Naima's Published Titles

Thursday, September 1, 2011

What I Know About Kindle Singles

I hoped to get my Demontorium short stories into the Amazon marketplace as Kindle Singles. The Kindle Singles store is smaller than the Kindle universe. I'd have a chance to be more prominent right off the bat. Finding no info on the Kindle Direct Publishing (KDP) pages, I Googled. I reached  the January 26 Amazon Kindle Singles press release, a first-hand Singles submissions experience on ZdNet, a Facebook post on the subject from Steve Lewis, self-publishing guru and author of the Taleist blog, and the Submissions Guidelines right on Amazon's Singles bookstore page. First a word on what a Kindle Single is, as described in the press release:

"... each Kindle Single is intended to allow a single killer idea -- well researched, well argued and well illustrated -- to be expressed at its natural length. Available to both Kindle device and app users, and priced between $0.99 and $4.99, the first set of Kindle Singles include original reporting, essays, memoirs and fiction."

Here's what else I learned:

  • Amazon's editors review your manuscript submission, just like a traditional publisher would.
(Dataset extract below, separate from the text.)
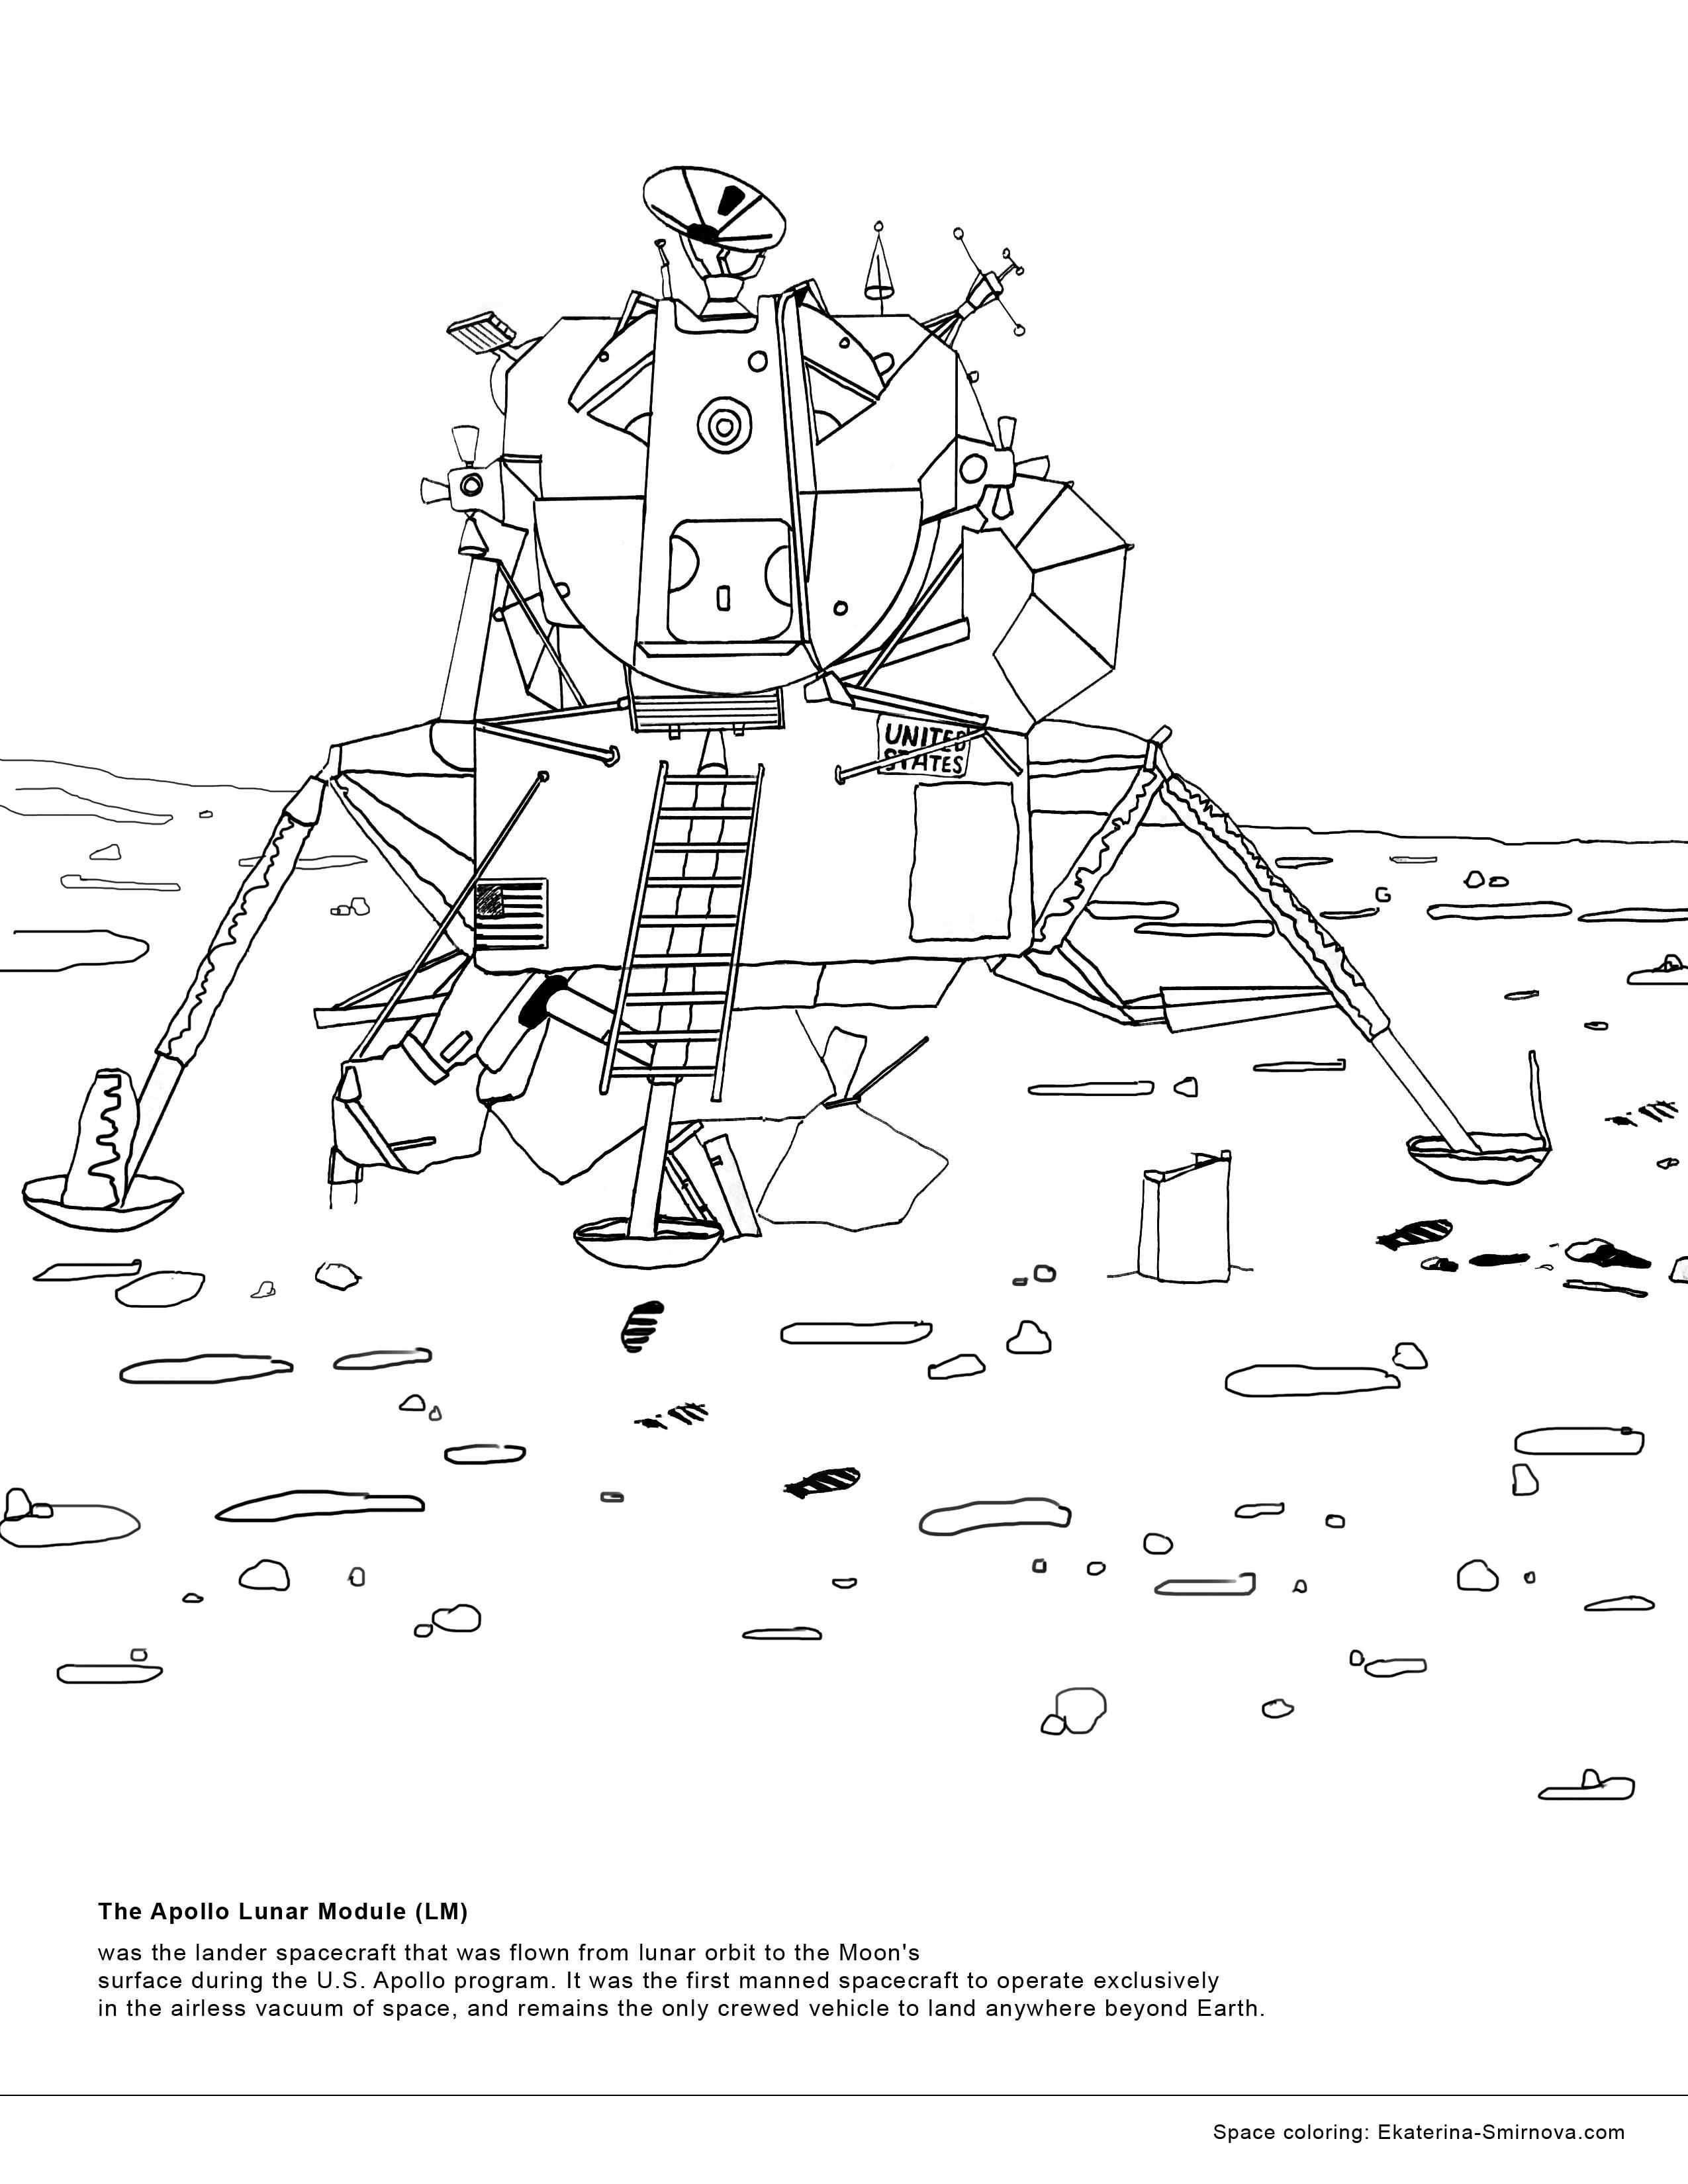 Coloring book for space missions juno rosetta cassini

It's not a direct publishing option.
  • The permitted word count is 5,000 - 30,000 words. This leaves my short stories out. My longest, The Entrepreneur, is just over 3,000 words.
  • If accepted, your Kindle Single royalty can earn you 70%, even at a price point below $2.99. This is different from the KDP experience, where a price point below $2.99 rates a 35% royalty.
This is a good opportunity for writers, especially journalists who long to expand a topic beyond the amount of space usually alotted for their work. I say this because I believe readers look specifically for fiction they can read in the pockets of downtime available -- on a train commute, for instance.  However, authors on the KDP Community forum have expressed some confusion and frustration with the Singles process regarding such things as 1) longer than expected wait times for news of acceptance/rejection and 2) the perceived quality of accepted and published Singles. It seems Amazon is working itself into a space previously monopolized by traditional print publishers and the receiving end feels pretty much the same to authors.

I hope you can take this info farther than I can. The 5,000 word minimum rules me out, so for now, as we say in the South (US), "I don't have a dog in the race".